Пушкинское и толстовское не совпало в героях Бунина, как и в нем самом. Если молодость Бунин провел с Пушкиным — в заметке «Думая о Пушкине» (1926) он признавался: «…вся моя молодость прошла с ним» [2, с. 9], то зрелость писателя проходила с Толстым, мысли о котором и нашли свое отражение в образе героини «Чистого понедельника». Именно раздифференцированность жизненных фазисов (условно —     пушкинского и толстовского) и оказывается невидимой и неосознаваемой причиной невозможности счастливой любви между героями рассказа. (Поздне)толстовская героиня не могла разделить пристрастий и убеждений (ранне)пушкинского героя — жизненные фазисы героев не совпадали.

Иными словами — столкновение толстовских и пушкинских (в итоге бунинских) идей происходит на уровне художественного текста по архетипической модели взаимоотношений классических рассказовых героев: встреча — любовь — расставание. «Идейный» сюжет «Чистого понедельника» оказывается мастерски вписанным Буниным в парадигму традиционного любовного рассказа, с характерными для него знаками и кодами.

 

Список литературы

 

1.   Бунин И. А. Дневники // Бунин И.А. Полное собр. соч.: в 13 (16) т. М.: Воскресенье, 2006–07. Т. 9. С. 104–182.

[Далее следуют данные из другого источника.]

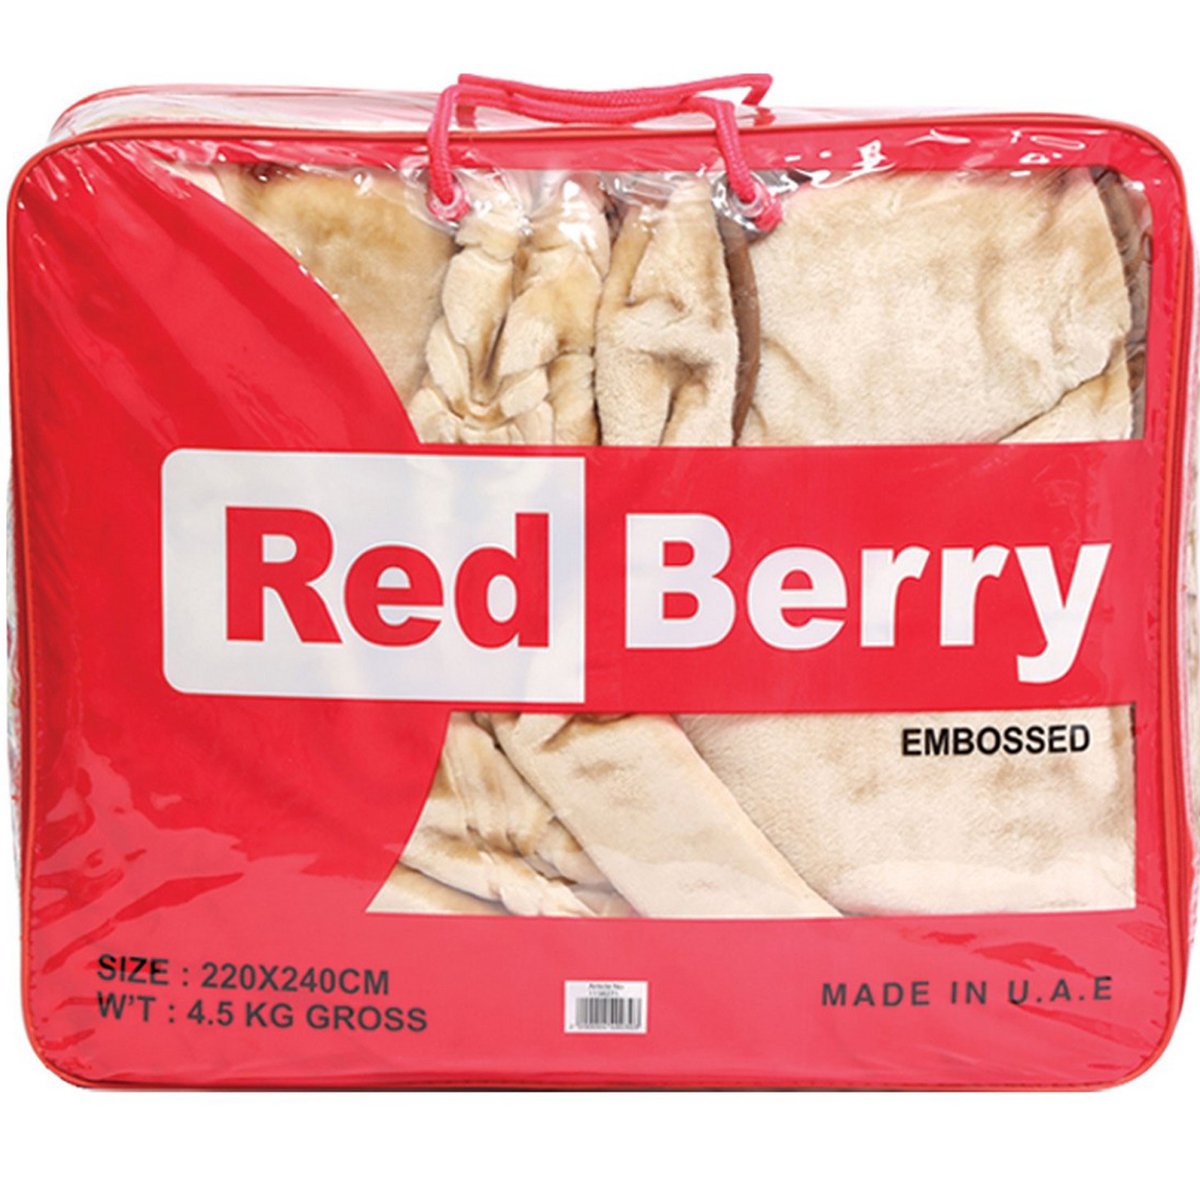 Red Berry Blanket Embossed 220x240cm

2.    Бунин И. А. Думая о Пушкине // Бунин И.А. Собр. соч.: в 16 т. М.: Воскресенье, 2006–07. Т. 8.С. 8–9.

3.   Бунин И. А. Освобождение Толстого // Бунин И.А. Собр. соч.: в 16 т. М.: Воскресенье, 2006–07. Т. 8. С. 5–146.

4.   Бунин И.А. Чистый понедельник // Бунин И.А. Собр. соч.: в 16 т. М.: Воскресенье, 2006–07. Т. 6.С. 206–216.